| What the task asks |
Once you reach the line with "Royalty free image", copy it and every line after it exactly, up to the end of the data. Omit the pictures.

[Given data Boundary: Start]

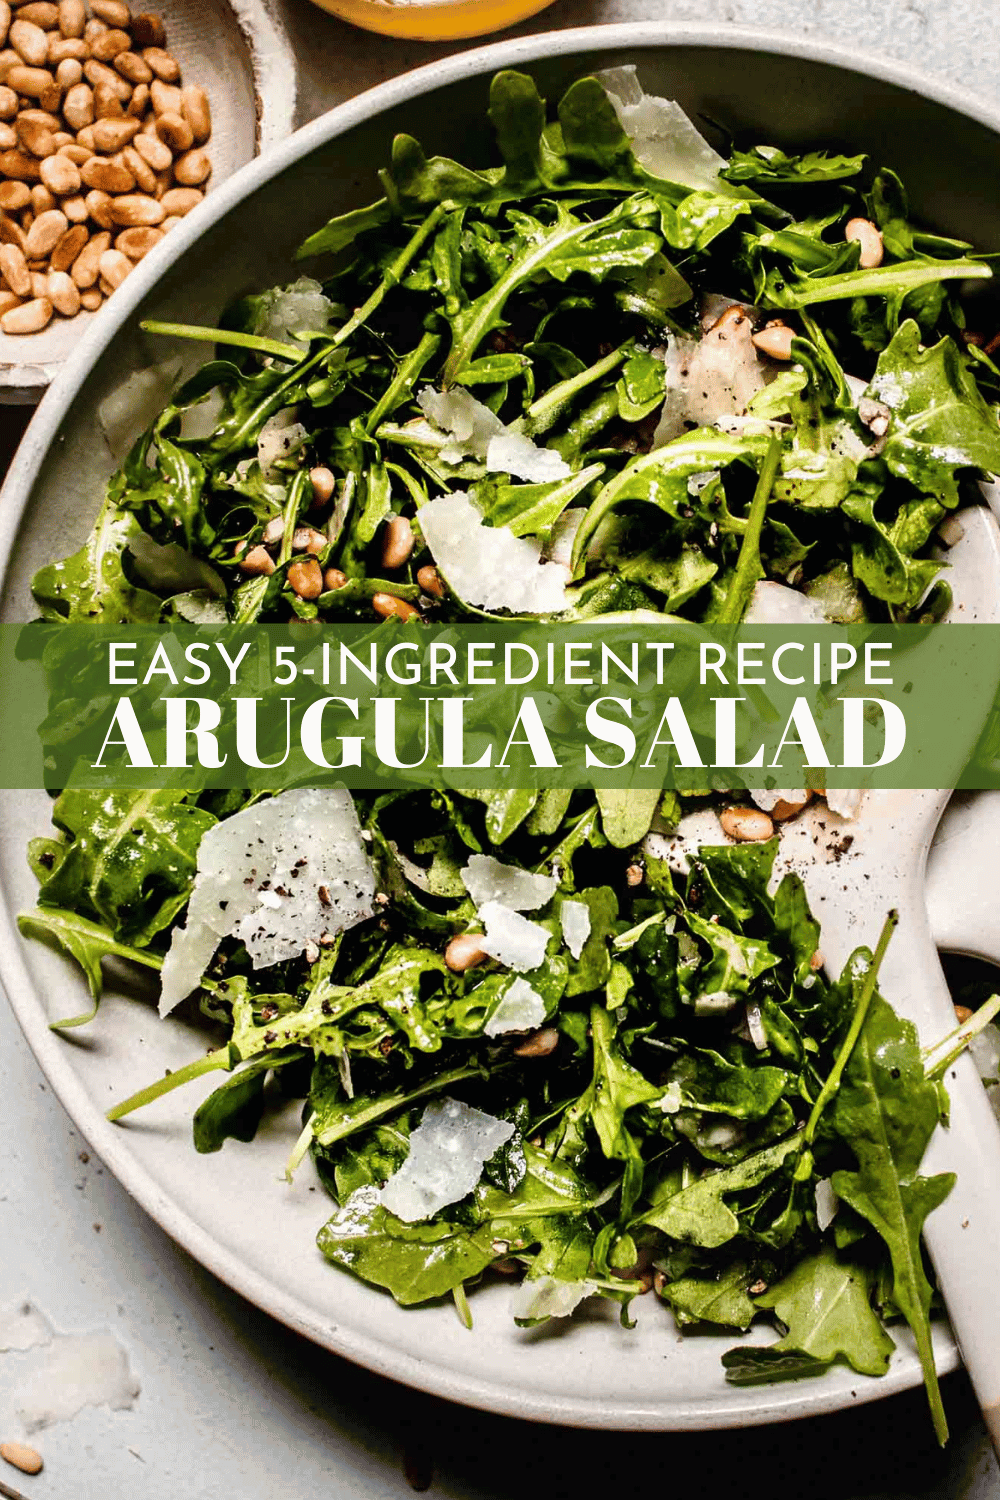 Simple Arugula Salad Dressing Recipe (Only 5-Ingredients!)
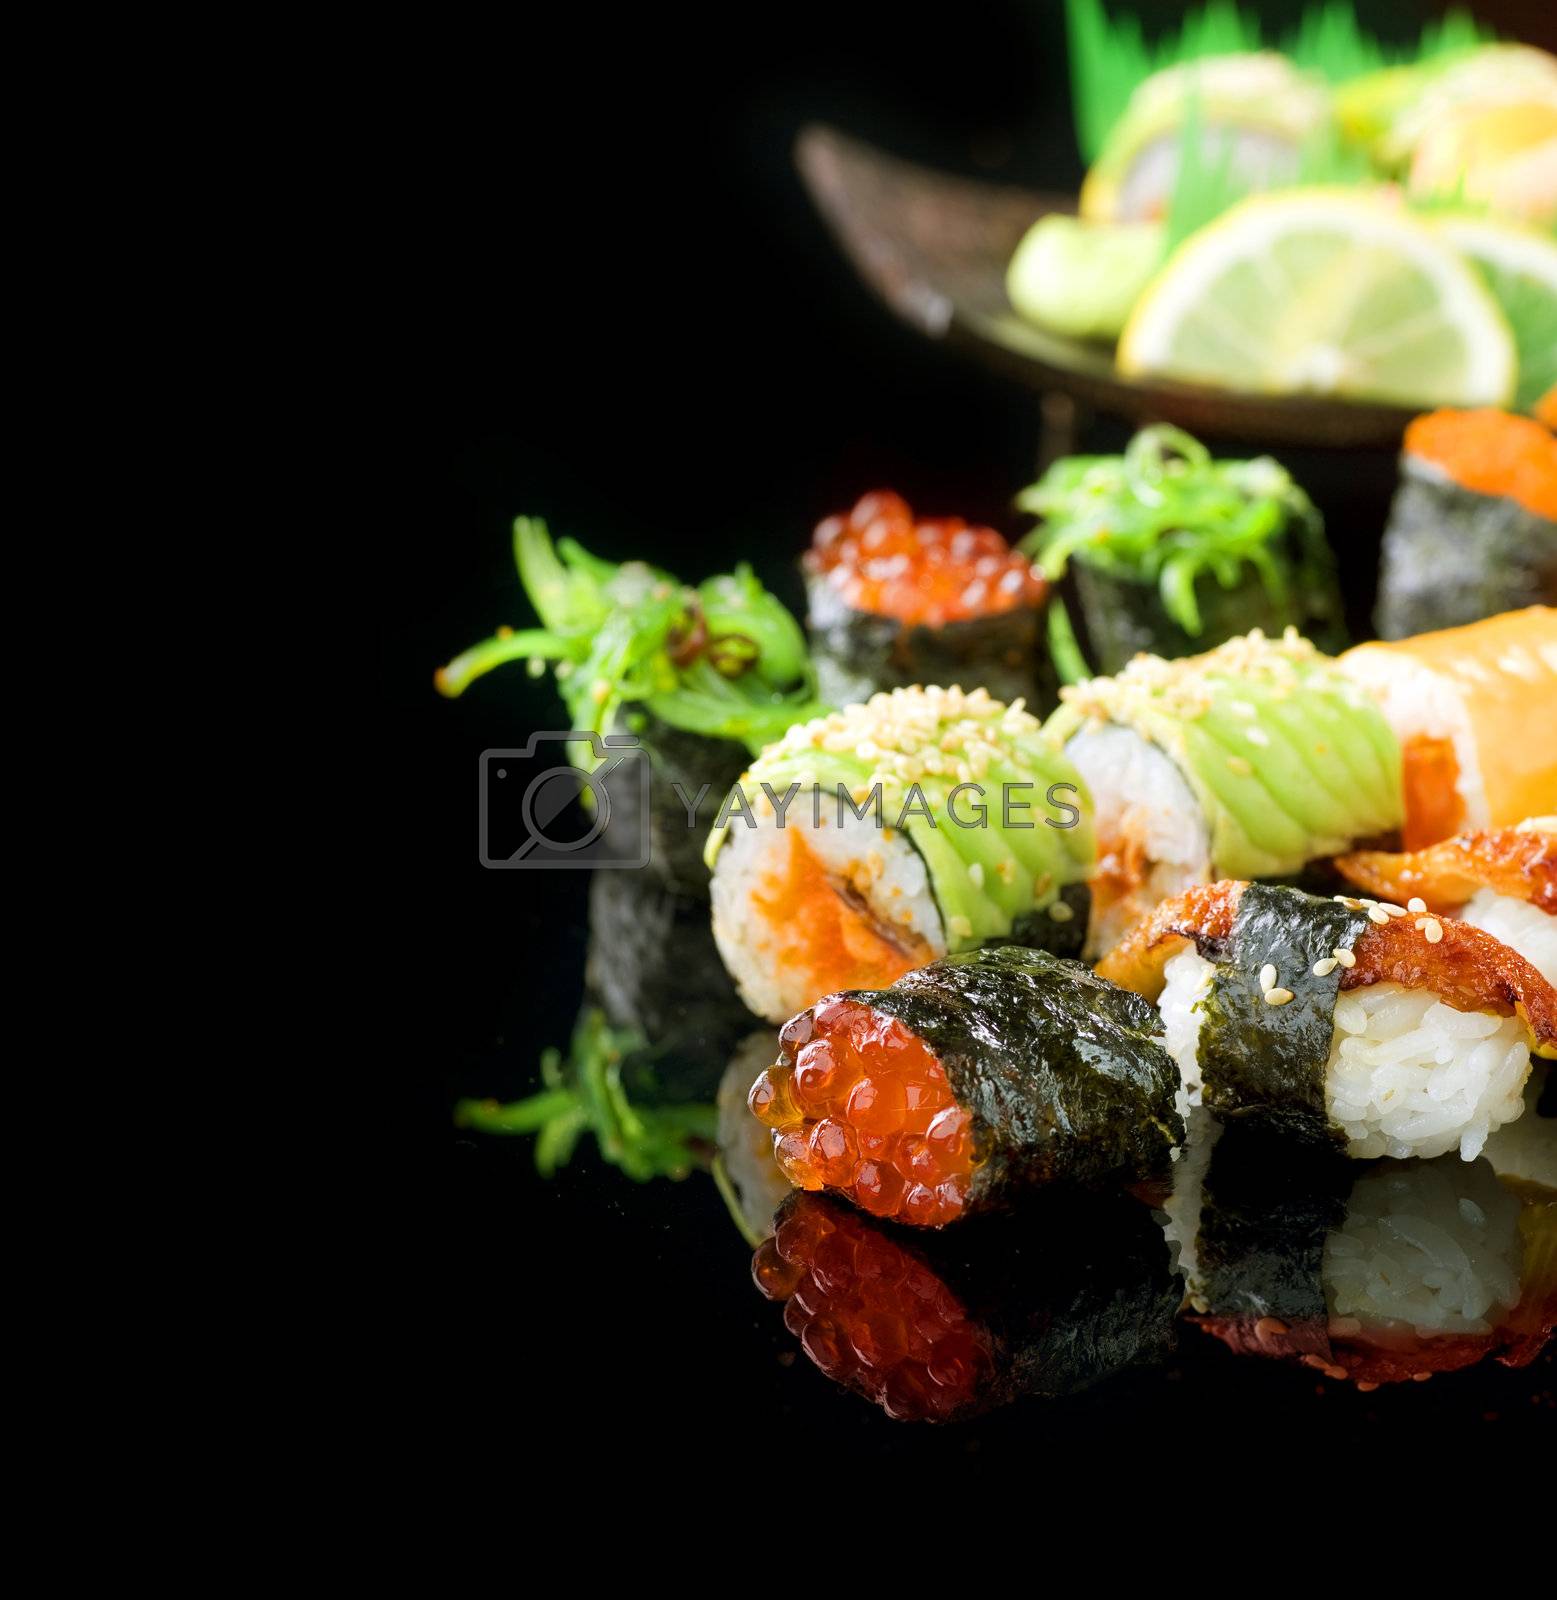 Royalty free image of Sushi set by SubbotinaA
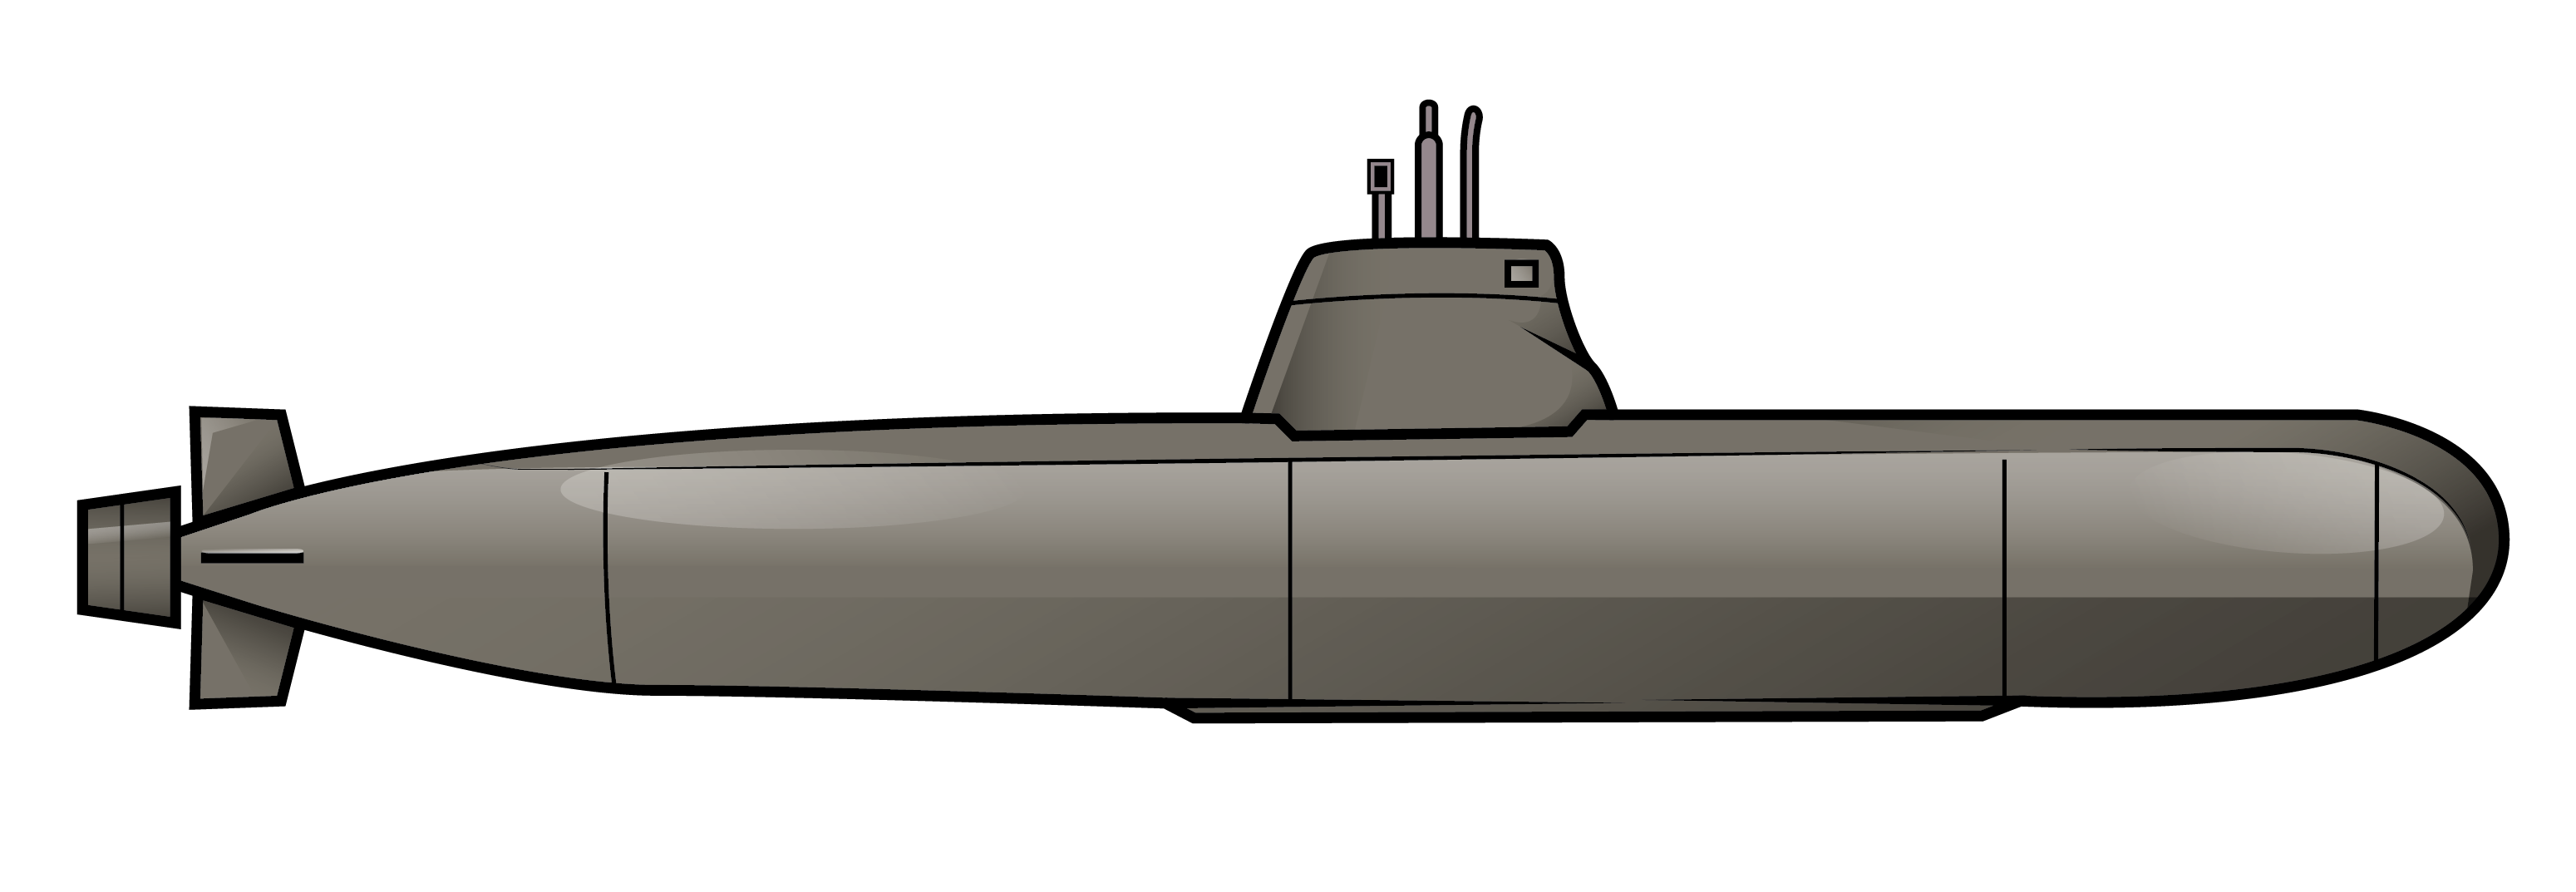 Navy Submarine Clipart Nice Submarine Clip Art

[Given data Boundary: End]

| Solution to this problem |
 Royalty free image of Sushi set by SubbotinaA
 Navy Submarine Clipart Nice Submarine Clip Art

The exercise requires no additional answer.